Instance output is proven in Determine 2.

Determine 2. Second Iteration.

Third Iteration

Within the third and remaining iteration, we’ll take away a text-based response by the appliance and exchange it with speech synthesis. We’ll run this system as follows:

python3 record-transcribe-visualise-speak.py

Instance output is proven in Determine 3.
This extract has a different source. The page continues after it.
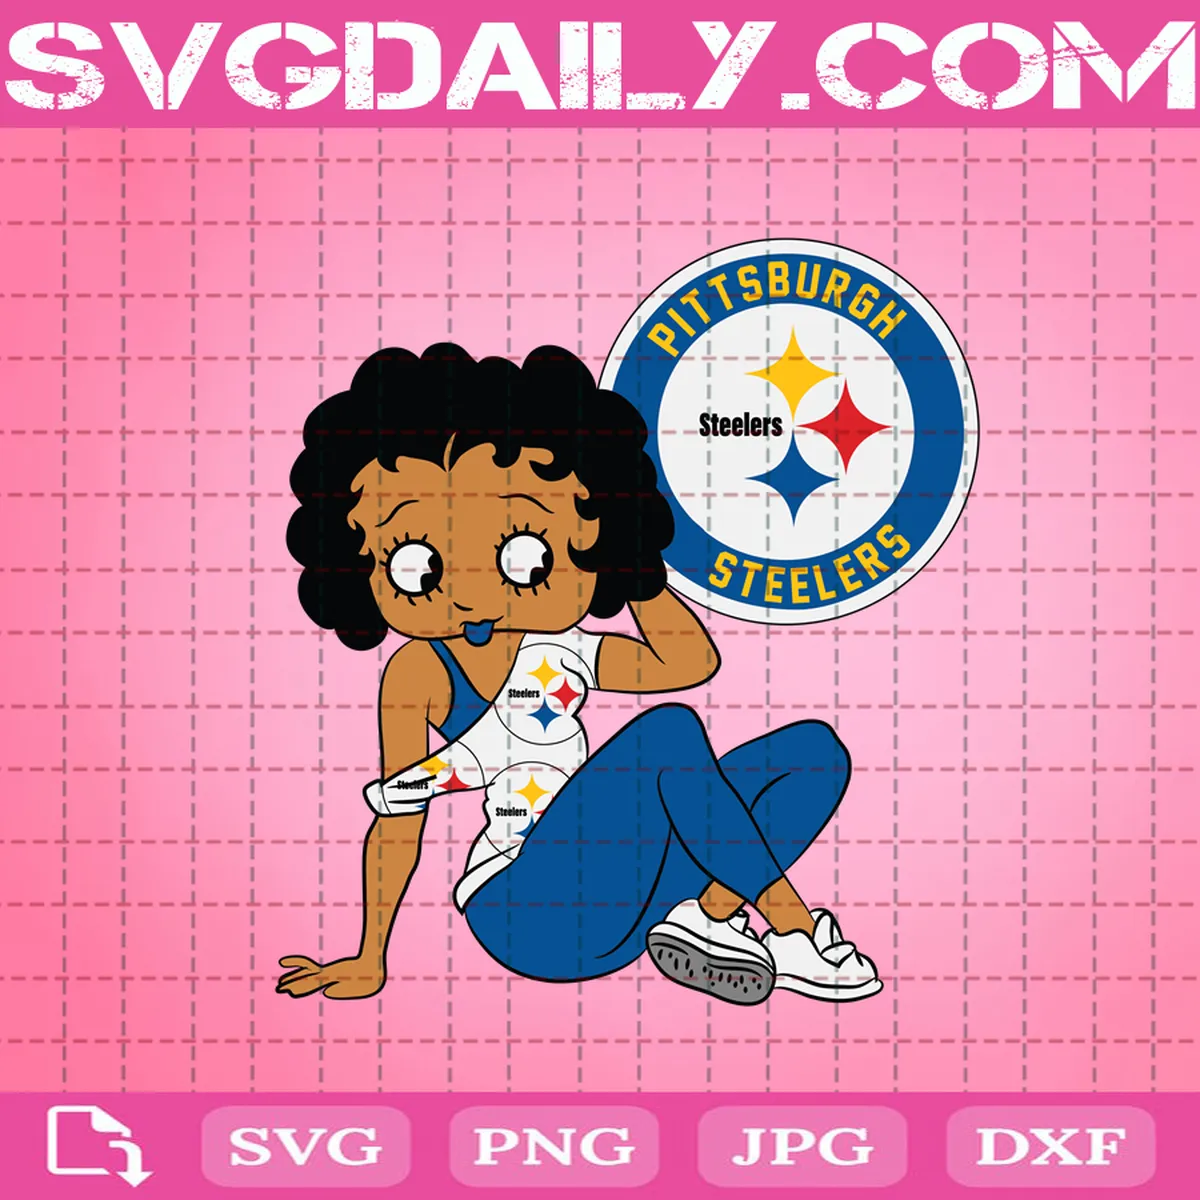 Pittsburgh Steelers Svg, Steelers Svg, Logo Sports Svg, Eps, Png, Dxf, Logo Svg, Football, Sport svg

Determine 3. Third Iteration.

Within the code for all three iterations, we will name the OpenAI Whisper API as an alternative of utilizing the native Whisper set up. To do that, we would uncomment these traces of code within the transcribe_audio perform:

# transcript = openai.Audio.transcribe(
#     mannequin = "whisper-1",
#     file = audio_file,
#     language = "en"
# )

And remark out this line of code:

transcript = mannequin.transcribe(filename)

Nevertheless, calling the OpenAI Whisper API would incur extra prices. The native Whisper set up already offers wonderful outcomes.

Abstract

On this article, we have seen that with out creating vector embeddings, we have been in a position to entry our knowledge fairly successfully utilizing LangChain. Nevertheless, our queries must be extra centered, and we have to perceive the database schema earlier than asking questions. Integrating a speech functionality allows our functions to be extra broadly used.